Weasel: Domain-Generalizable Web Agents through Importance-Diversity Data Selection¶
Conference: ICML 2026
arXiv: 2605.20291
Code: https://github.com/fatemehpesaran310/weasel
Area: LLM Agent / Web Agent
Keywords: Data Selection, Web Agent, Out-of-Distribution Generalization, Trajectory Curation, Training Efficiency
TL;DR¶
By combining goal-relevance and diversity in a trajectory step selection method, Weasel achieves a 9.7-12.5x training speedup while reducing training data to 20% of the original and significantly improving the generalization of Web Agents on unseen domains.
Background & Motivation¶
Background: LLM-driven Web Agents have progressed through large-scale instruction data and strong base models, but most research evaluates within benchmarks, failing to test true generalization capabilities.

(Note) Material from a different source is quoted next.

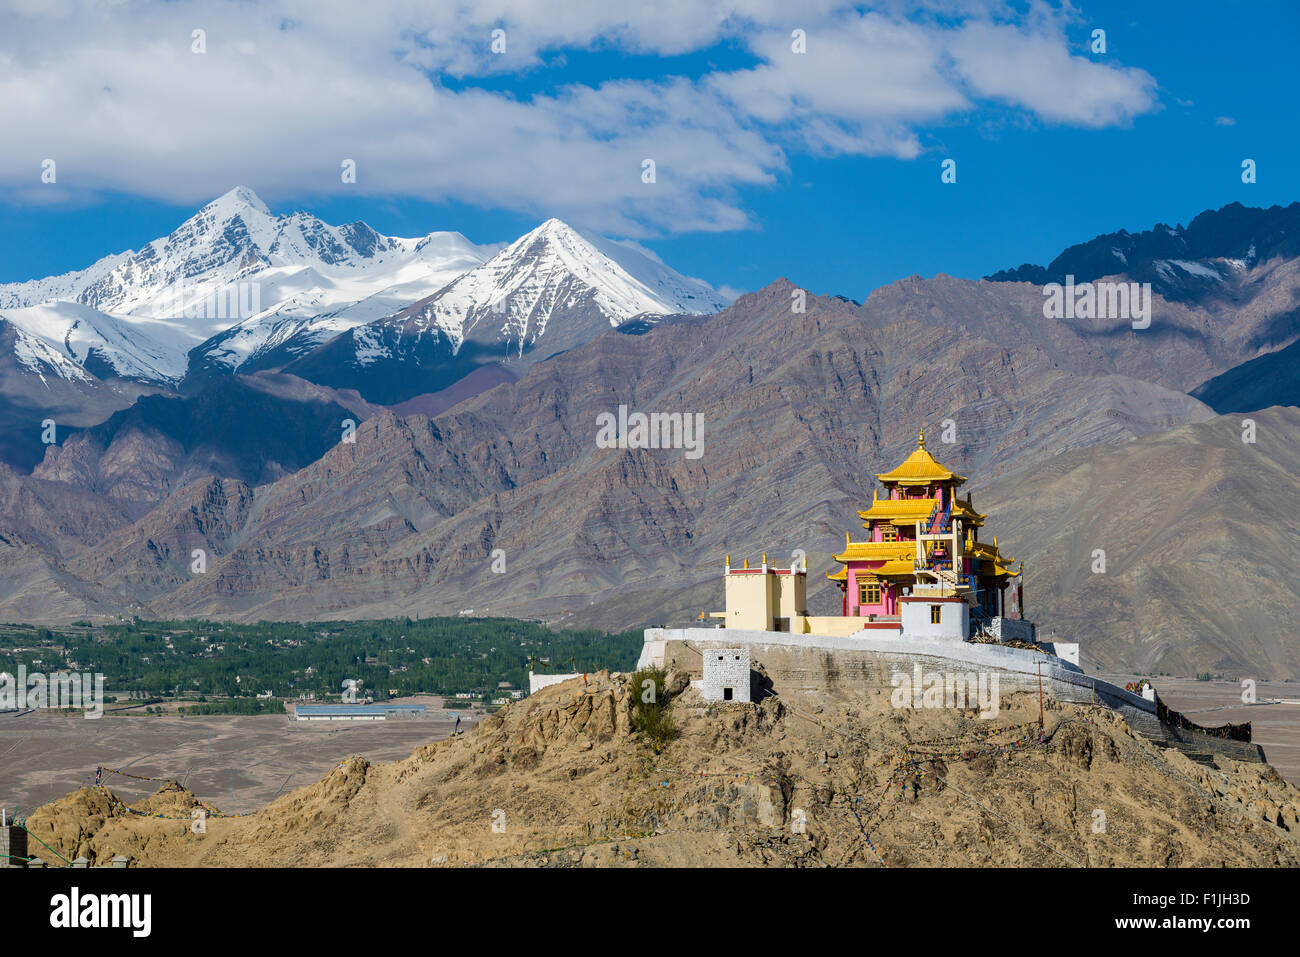 Das Kloster Samdok Palgeri Gompa auf einem Hügel hoch über Choglomsar, dem Indus-Tal und dem Schnee bedeckt Berge in der Ferne Stockfoto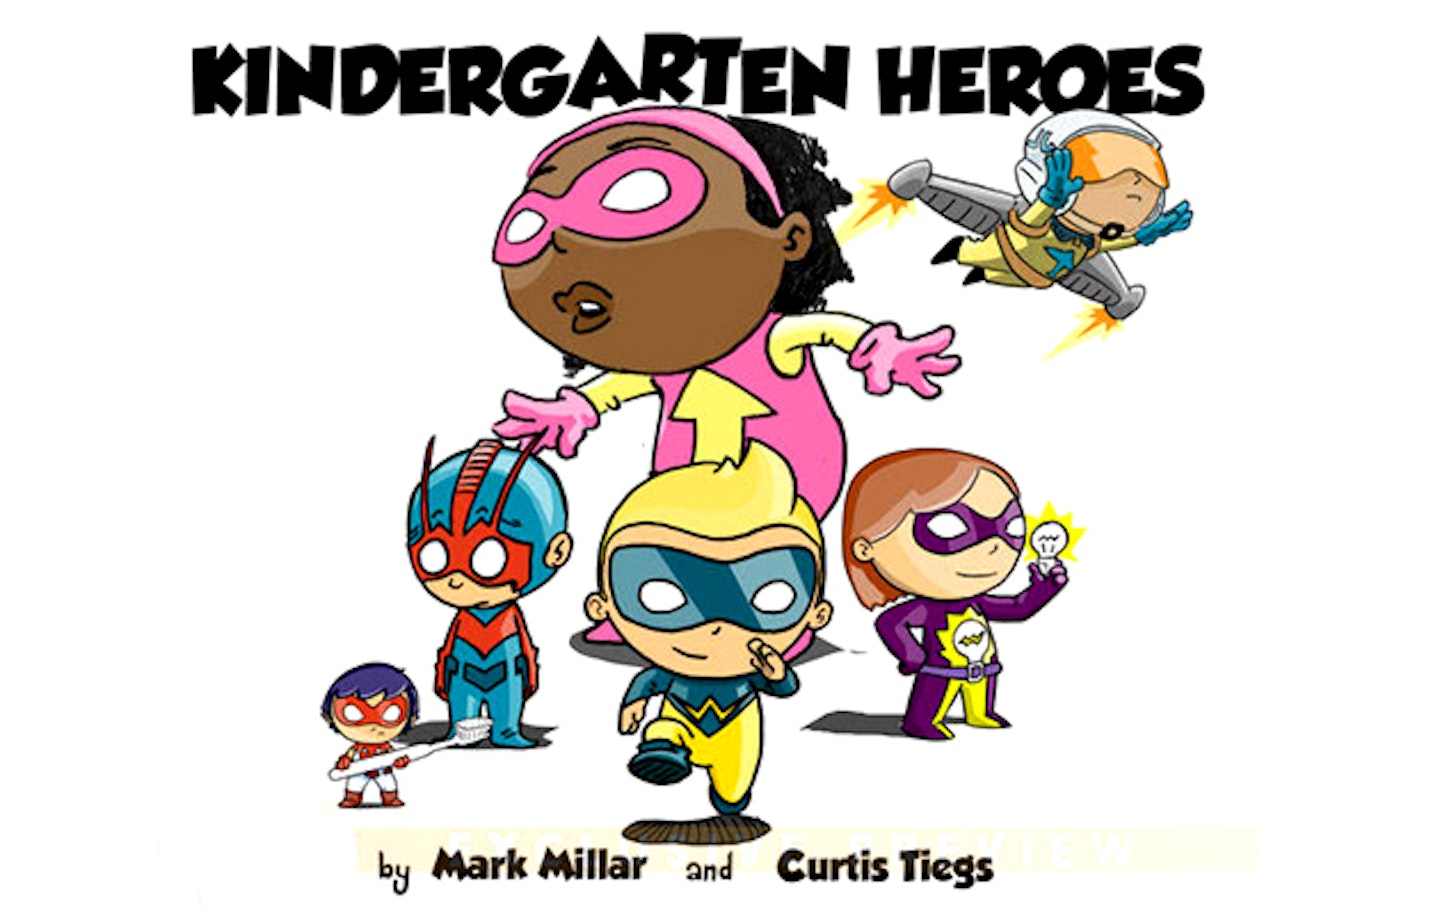 Mark Millar's Kindergarten Heroes

Limitations of Prior Work: (1) Agent performance drops significantly on websites or interaction patterns outside the training distribution; (2) Offline web interaction data is often lengthy and noisy, with expert trajectories containing high redundancy; (3) In AgentTrek, a single trajectory can reach 45 state-action pairs, and the Accessible Tree (AXTree) of each web state can reach up to 180K tokens.
Key Challenge: Selecting a subset of data that is both relevant and diverse within a limited budget—this is an NP-hard problem.
Goal: Design a trajectory selection method that simultaneously (1) improves out-of-distribution generalization and (2) reduces computational costs.
Key Insight: Model trajectory curation as a constrained optimization problem combining goal-conditioned importance and pairwise diversity, solved efficiently using a greedy algorithm.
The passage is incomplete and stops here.